■ **Exercise instructions**: Skip the pictures and copy all the data that follows exactly.
** Given information follows **
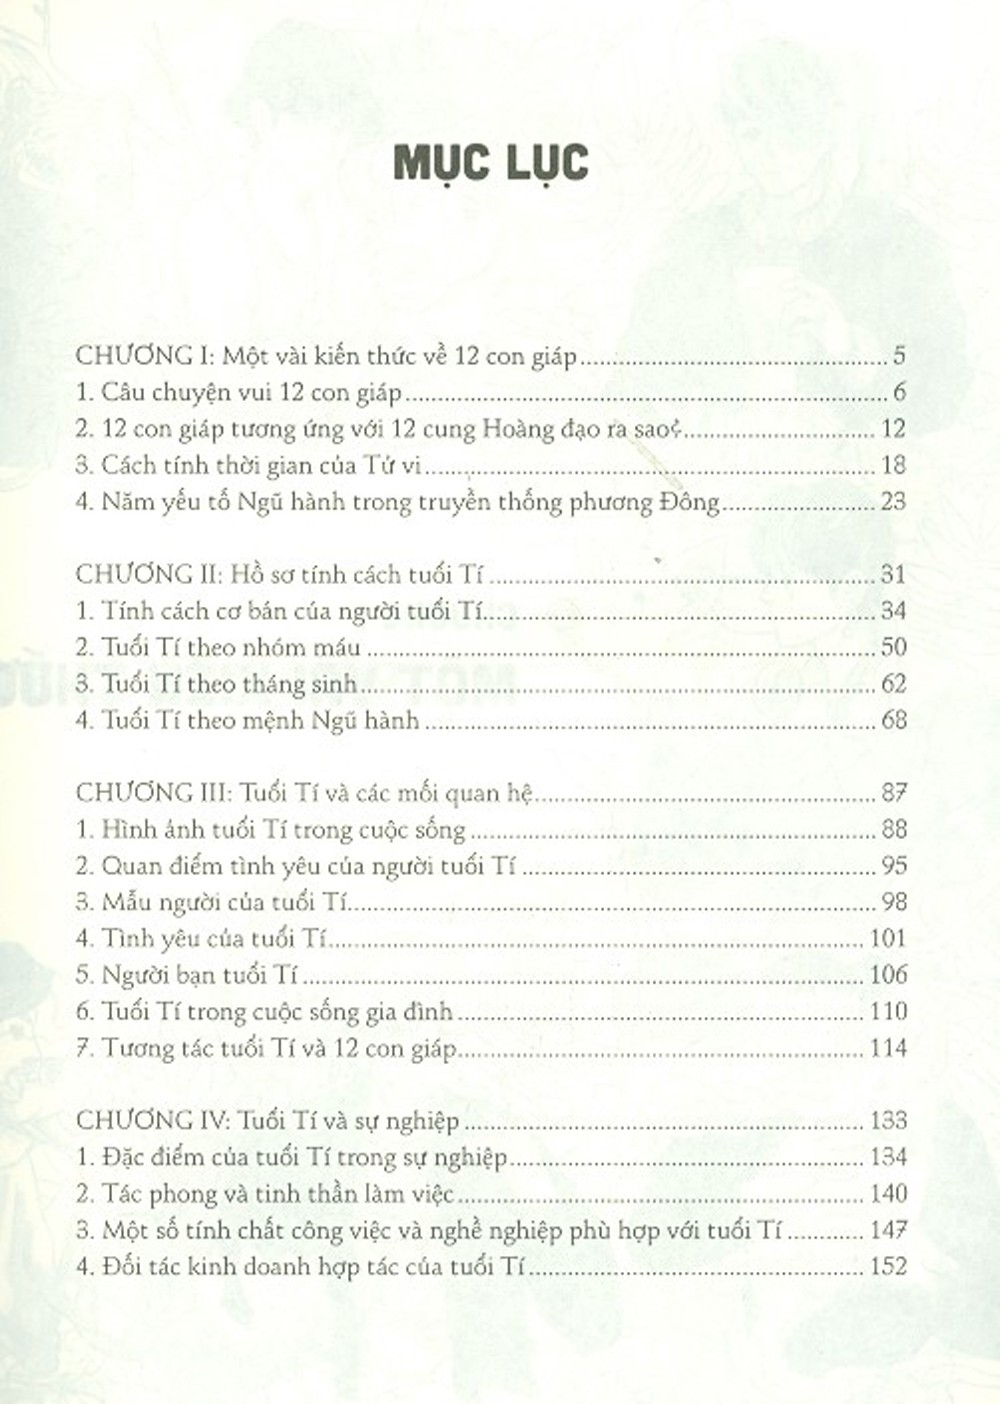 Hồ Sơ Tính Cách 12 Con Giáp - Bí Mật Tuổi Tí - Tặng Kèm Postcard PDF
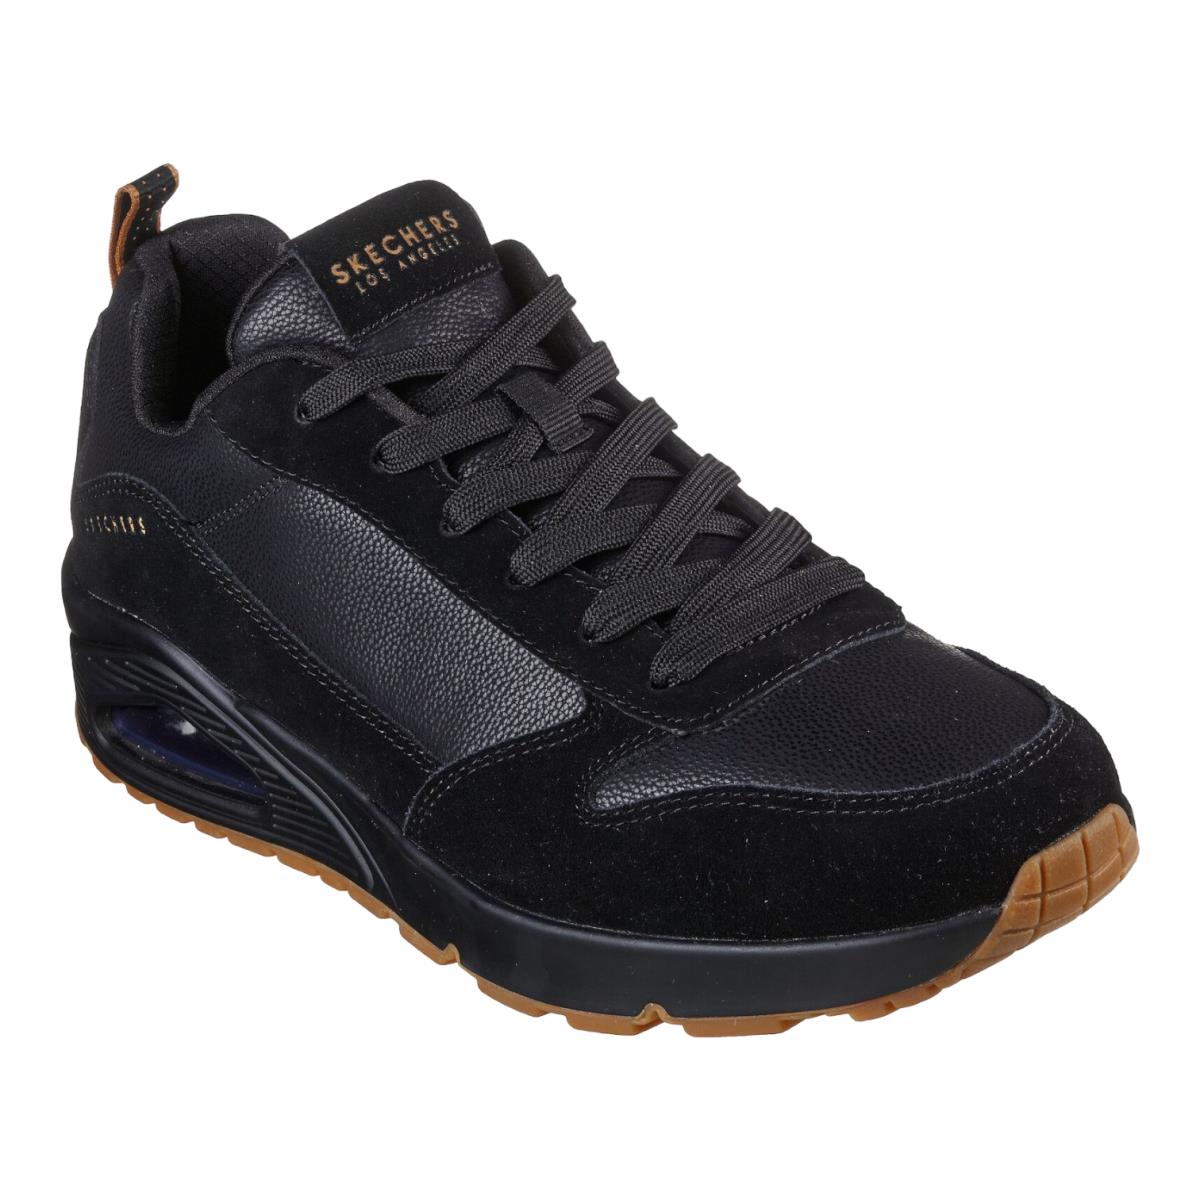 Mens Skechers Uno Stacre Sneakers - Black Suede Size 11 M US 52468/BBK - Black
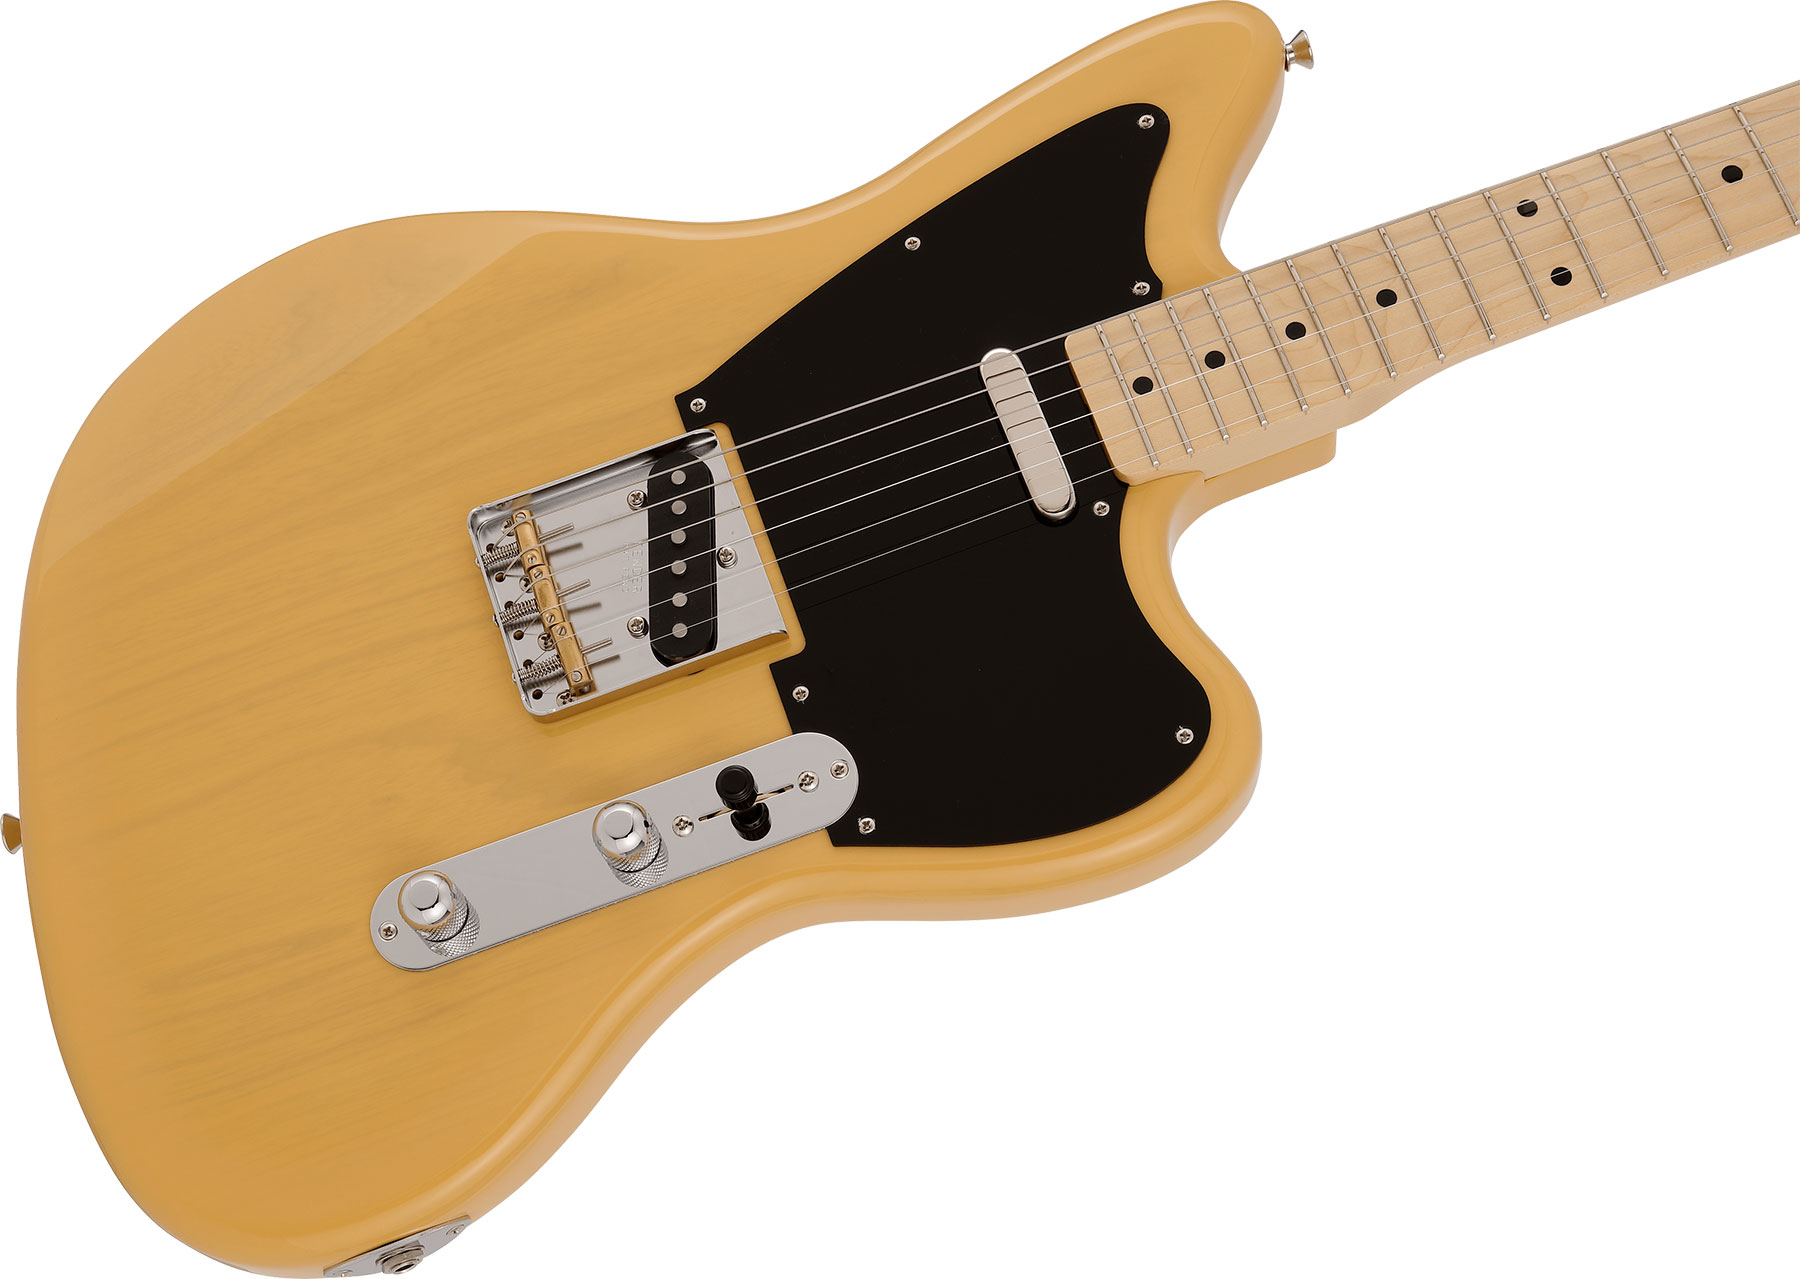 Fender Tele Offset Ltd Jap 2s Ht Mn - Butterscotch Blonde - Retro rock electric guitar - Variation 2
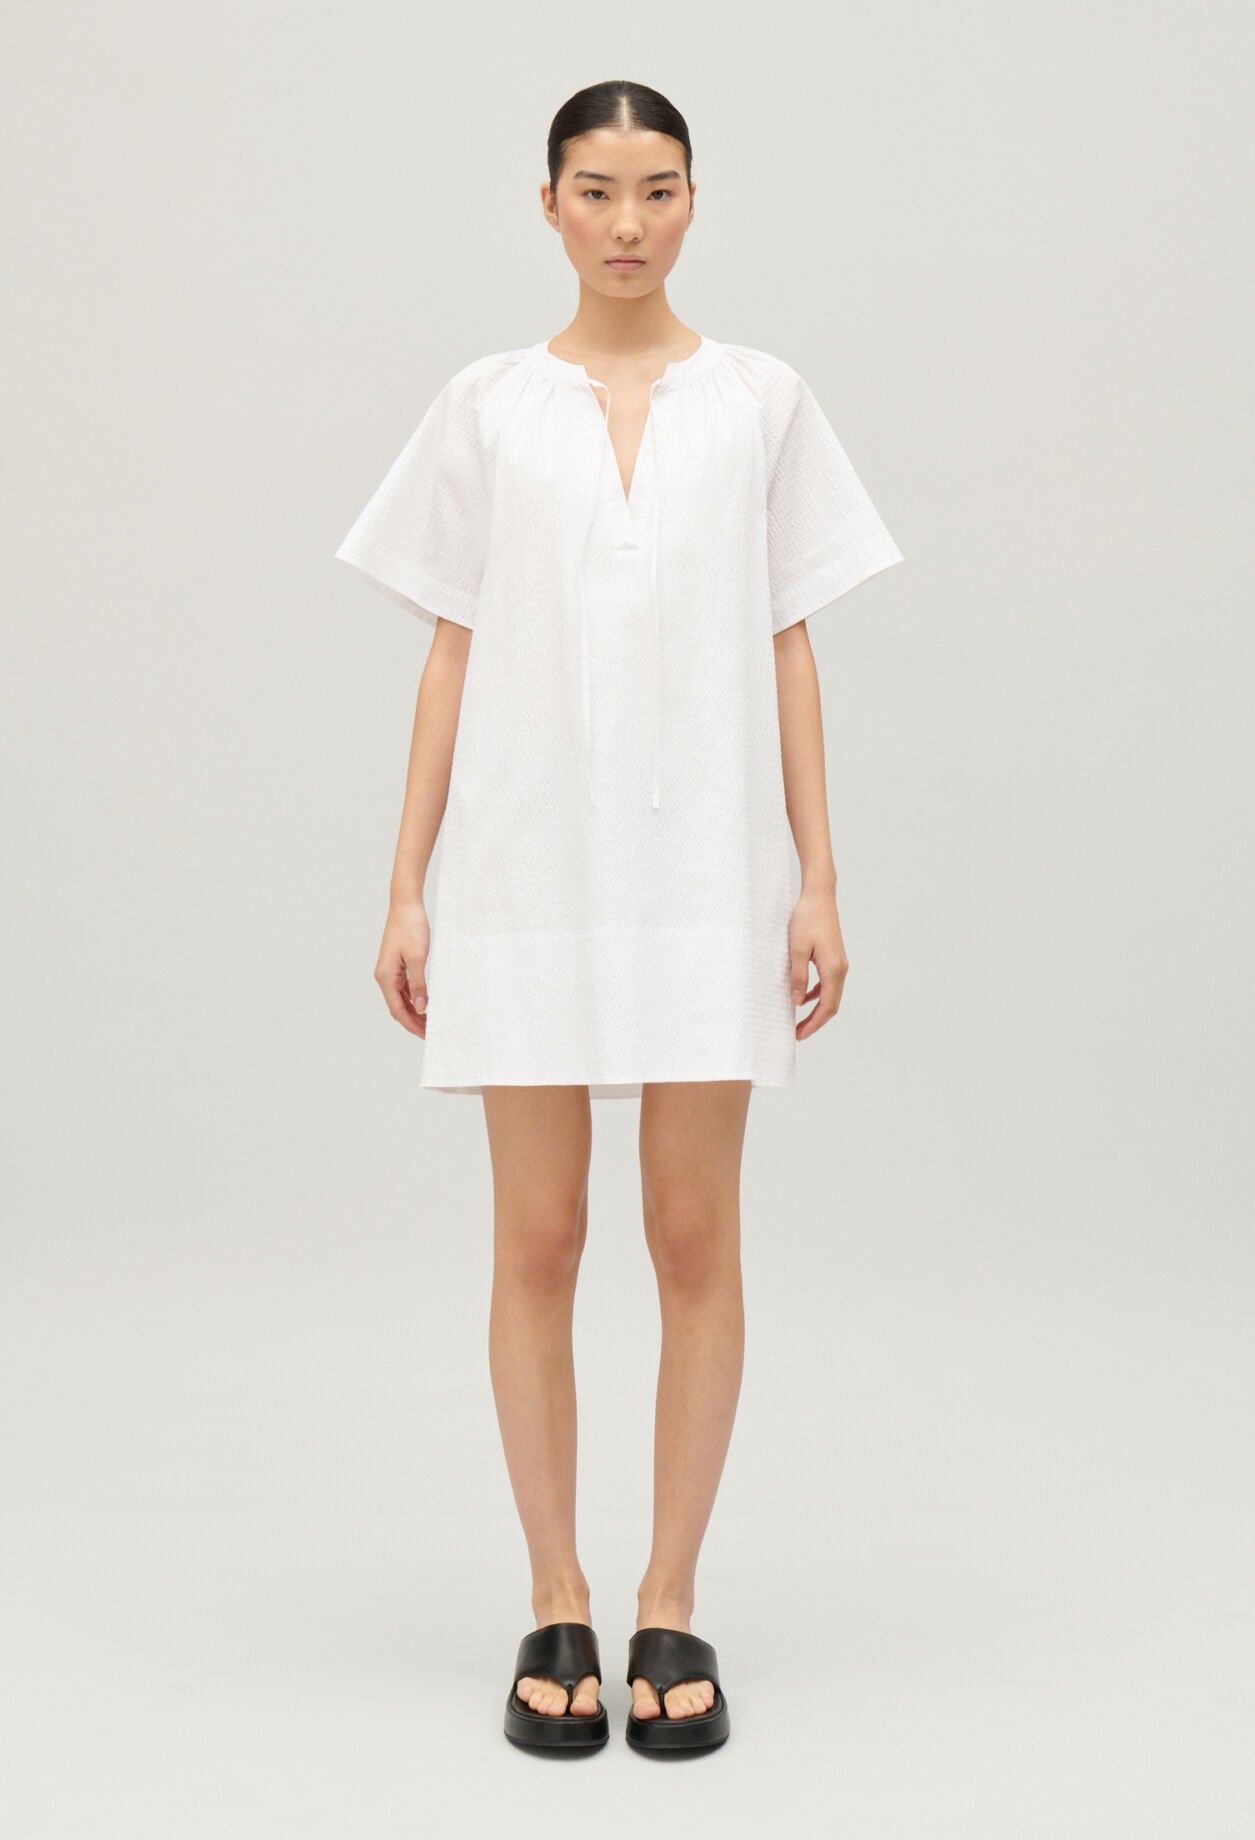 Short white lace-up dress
** End of Given information **
■ **Response to the exercise**:
 Hồ Sơ Tính Cách 12 Con Giáp - Bí Mật Tuổi Tí - Tặng Kèm Postcard PDF
 Mens Skechers Uno Stacre Sneakers - Black Suede Size 11 M US 52468/BBK - Black
 Fender Tele Offset Ltd Jap 2s Ht Mn - Butterscotch Blonde - Retro rock electric guitar - Variation 2
 Short white lace-up dress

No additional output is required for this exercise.